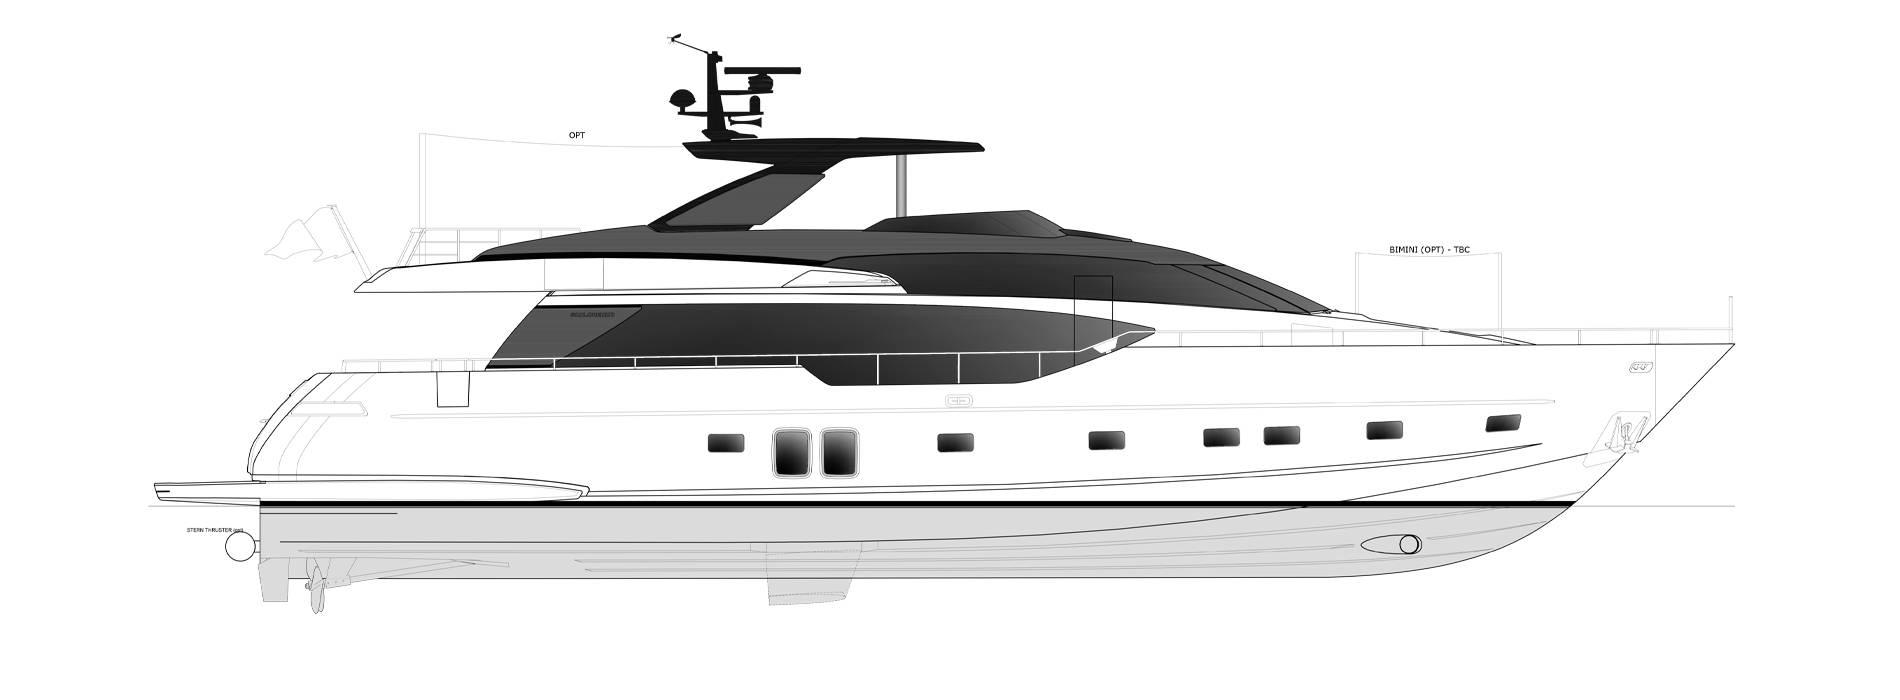 Sanlorenzo Yachts SL86-727 Profilo
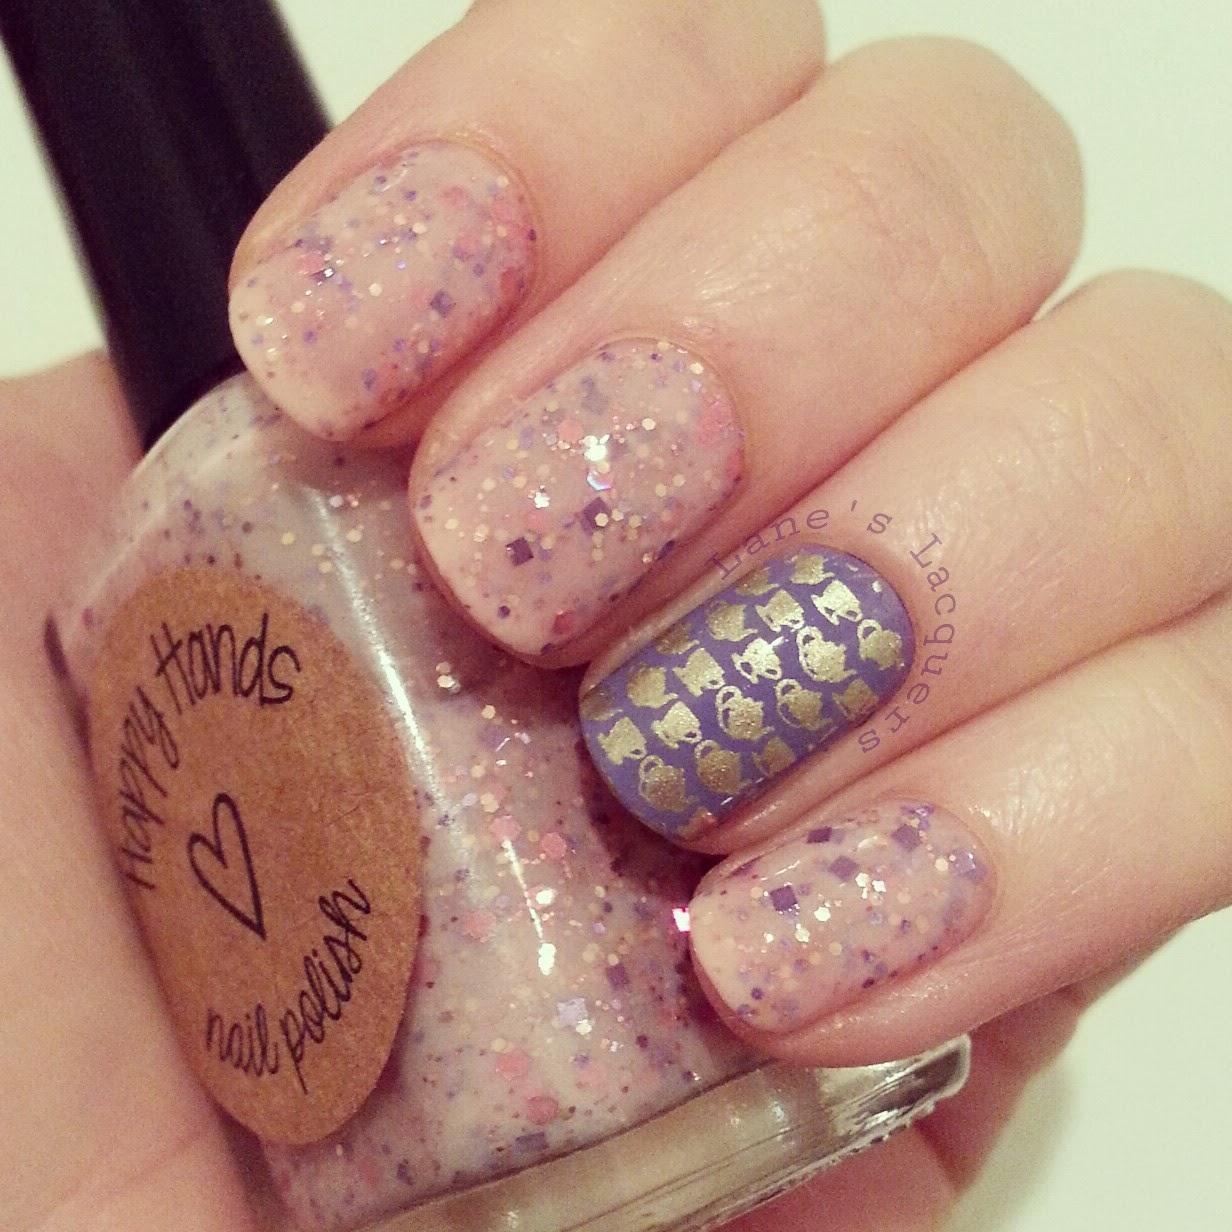 saturday-swatch-happy-hands-lady-goodman-nails
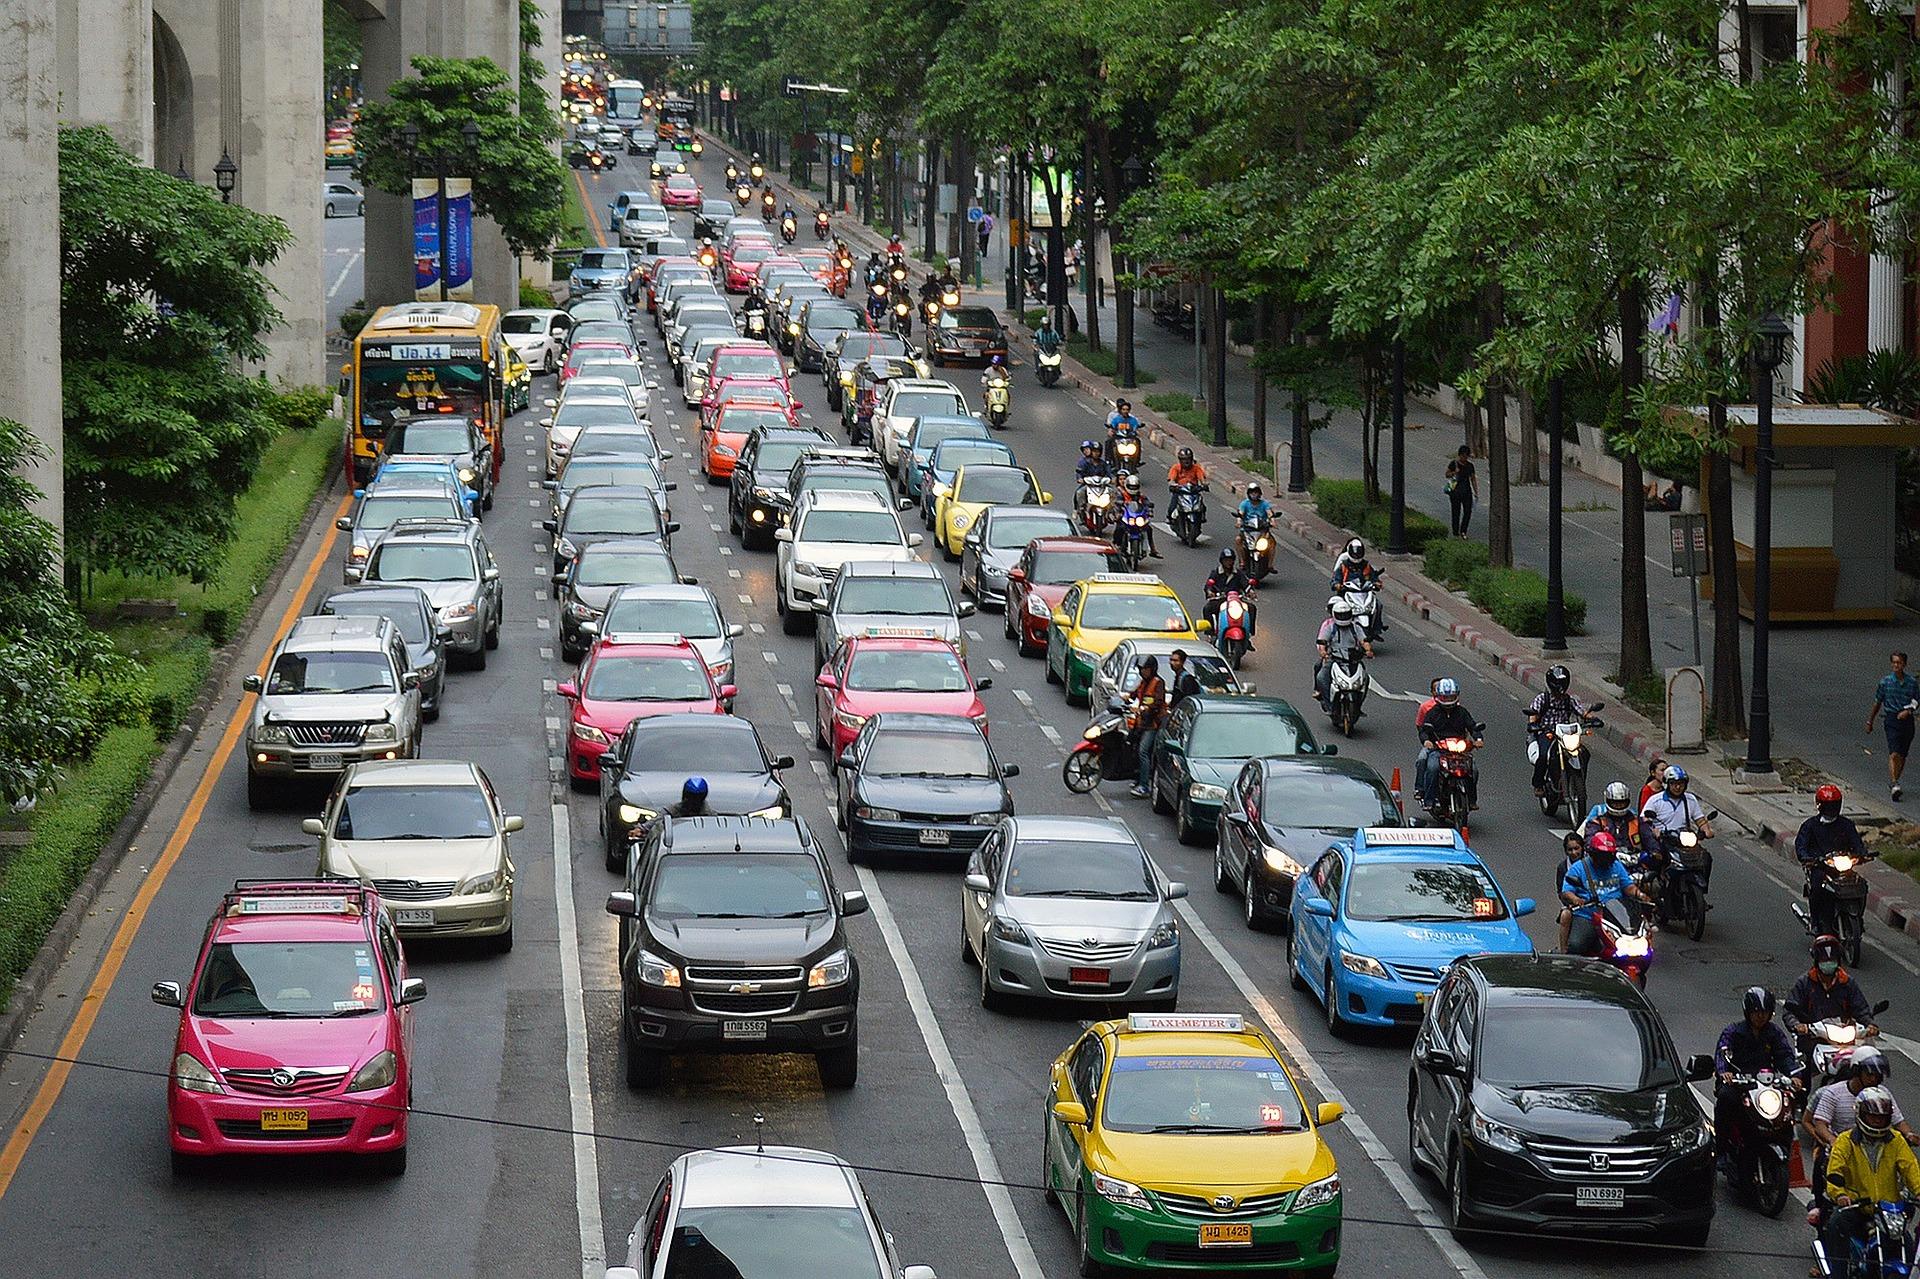 traffic-843309_1920.jpg
● ● ●
What this task involves —
The full data, repeated exactly and stripped of its pictures, is the expected answer.

Output for this exercise —
 Sanlorenzo Yachts SL86-727 Profilo
 saturday-swatch-happy-hands-lady-goodman-nails
 traffic-843309_1920.jpg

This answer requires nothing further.